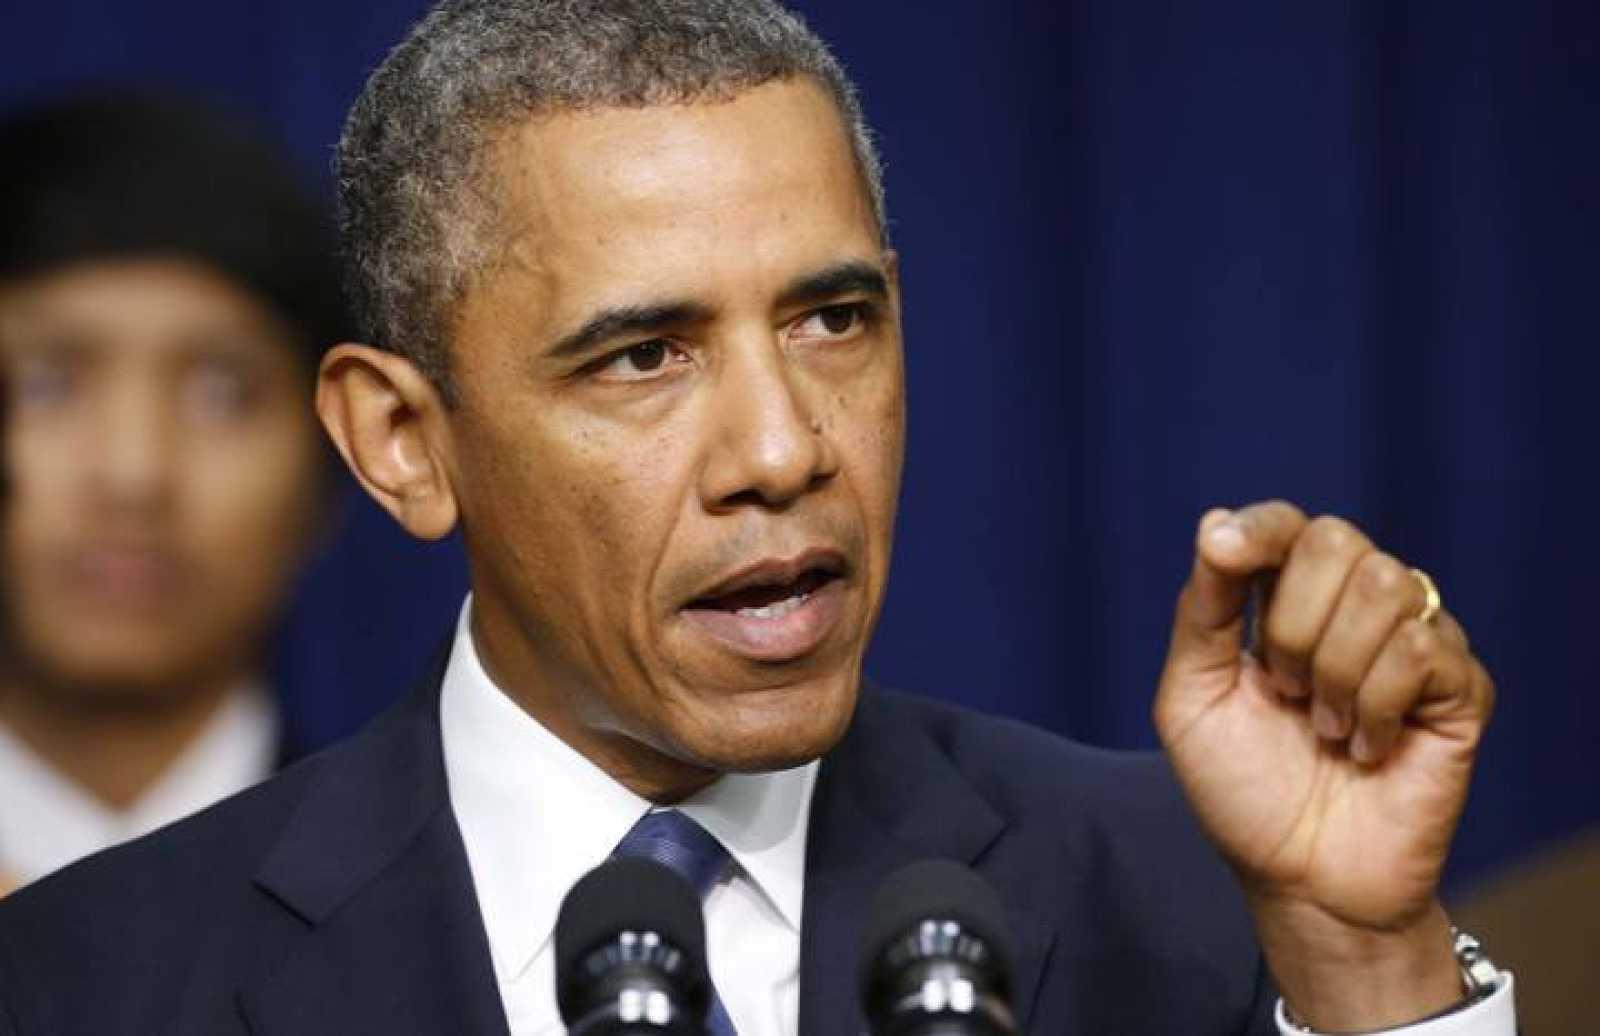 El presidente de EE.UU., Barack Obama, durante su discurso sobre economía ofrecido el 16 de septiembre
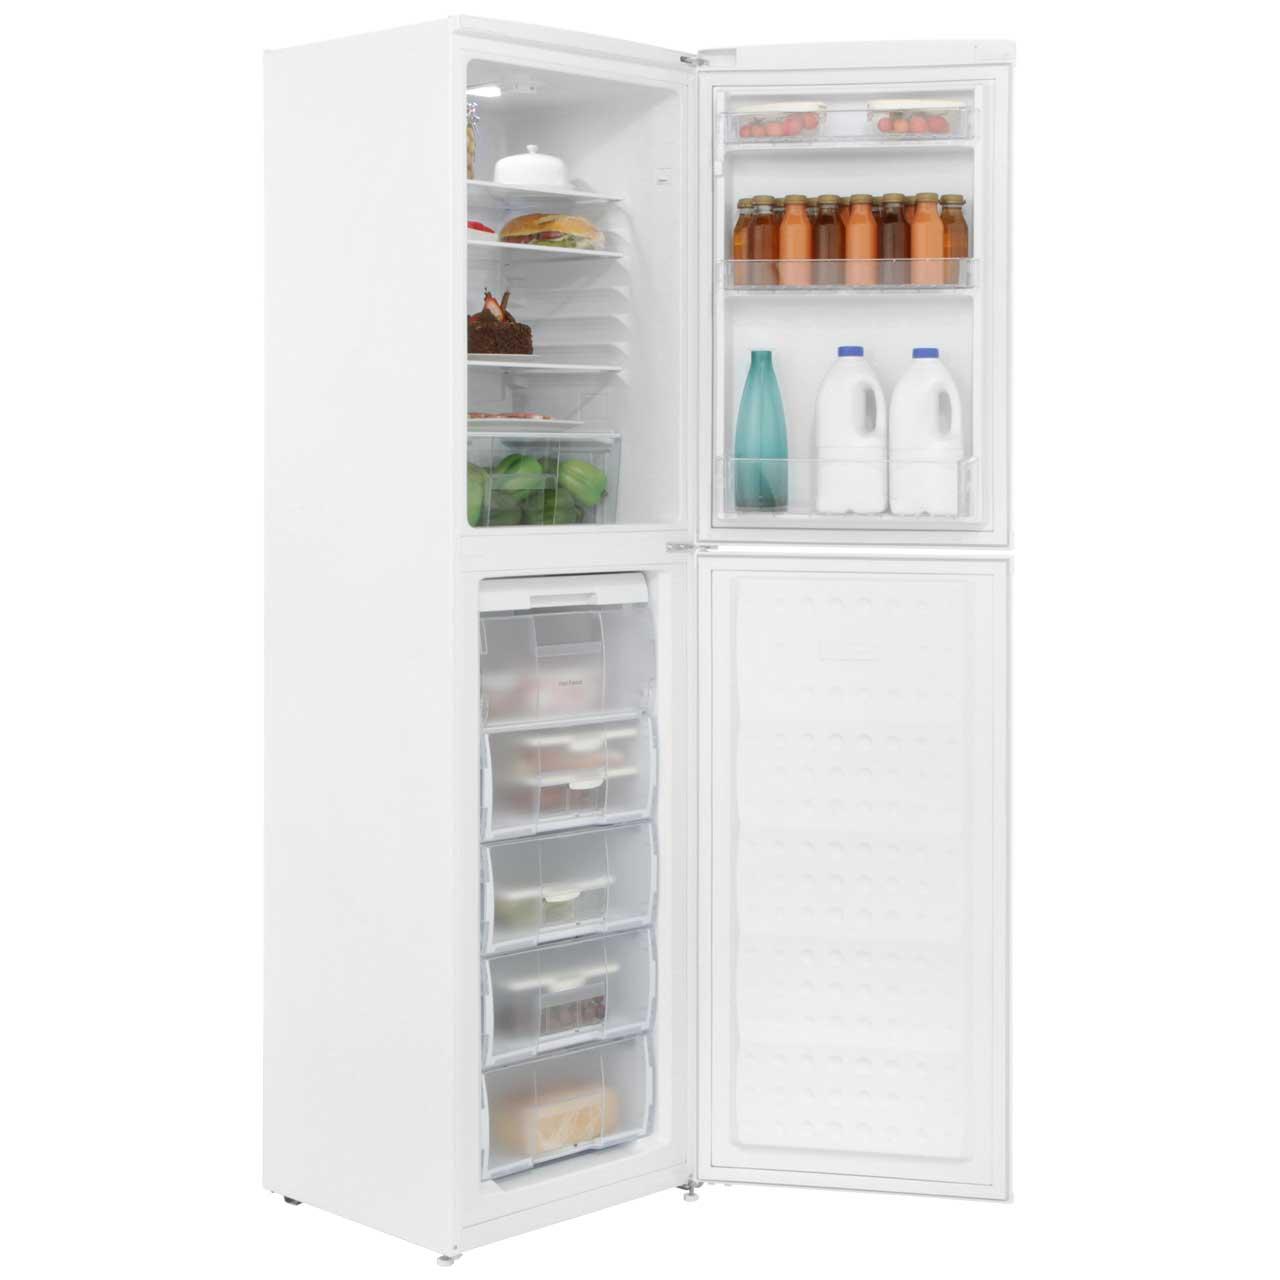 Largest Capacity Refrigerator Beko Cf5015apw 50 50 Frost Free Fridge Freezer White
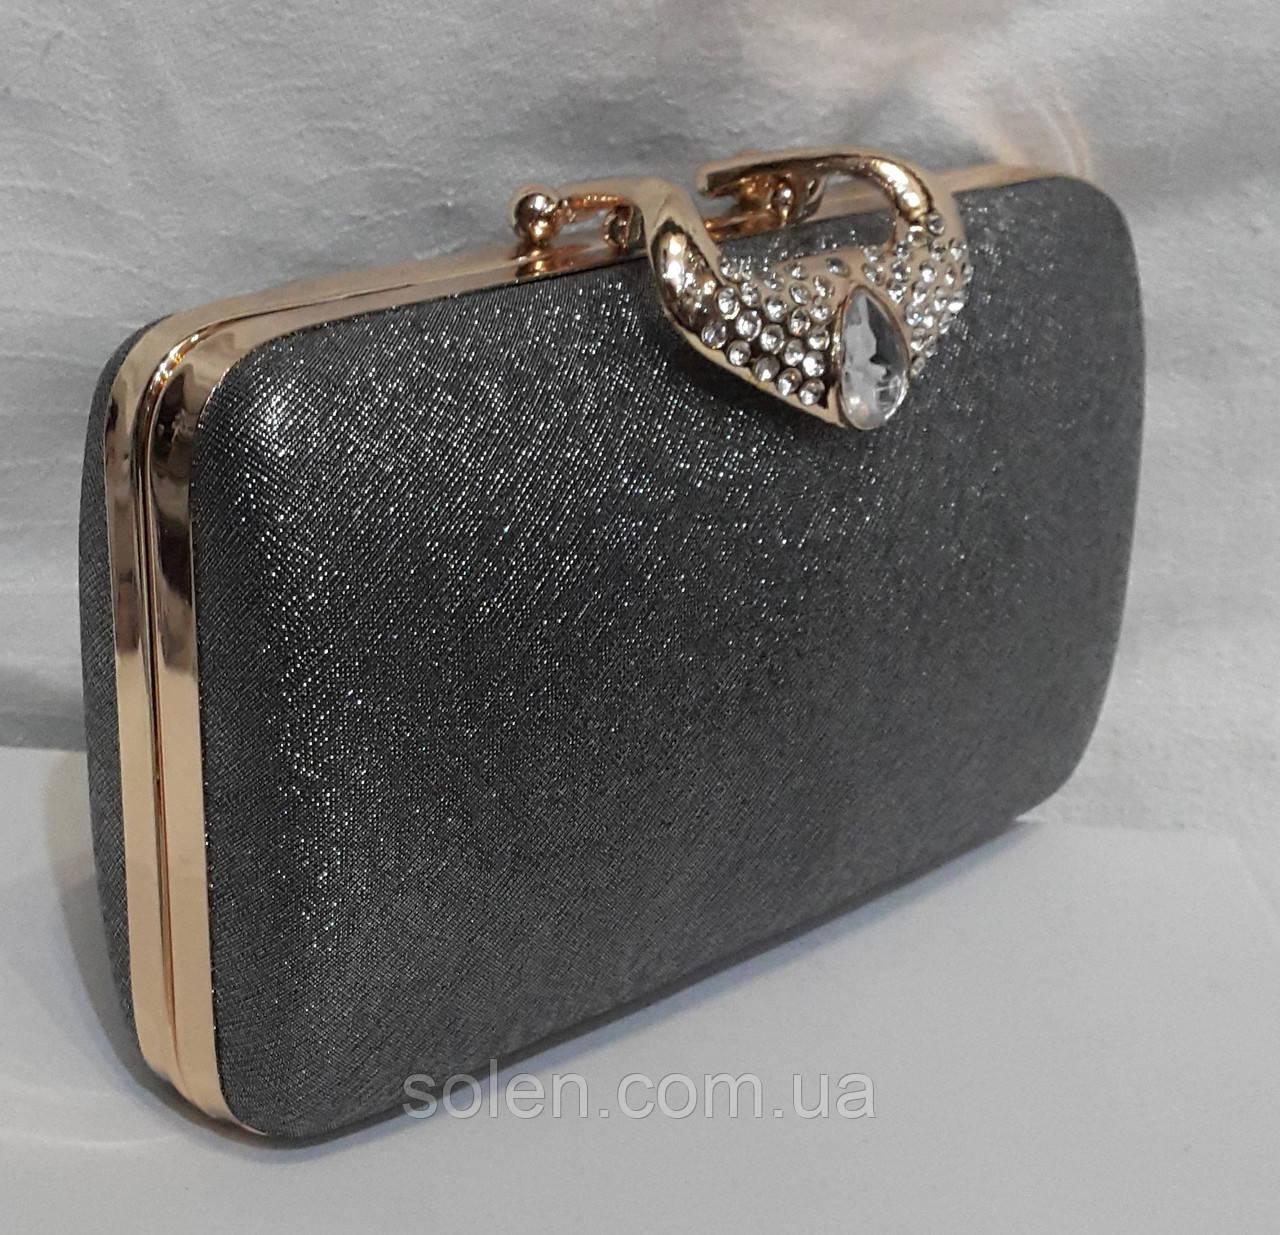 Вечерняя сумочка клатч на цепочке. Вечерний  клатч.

## WORK REQUEST
Please copy out the material above exactly, with the images removed.

## EXERCISE RESPONSE
 El presidente de EE.UU., Barack Obama, durante su discurso sobre economía ofrecido el 16 de septiembre
 Largest Capacity Refrigerator Beko Cf5015apw 50 50 Frost Free Fridge Freezer White
 Вечерняя сумочка клатч на цепочке. Вечерний  клатч.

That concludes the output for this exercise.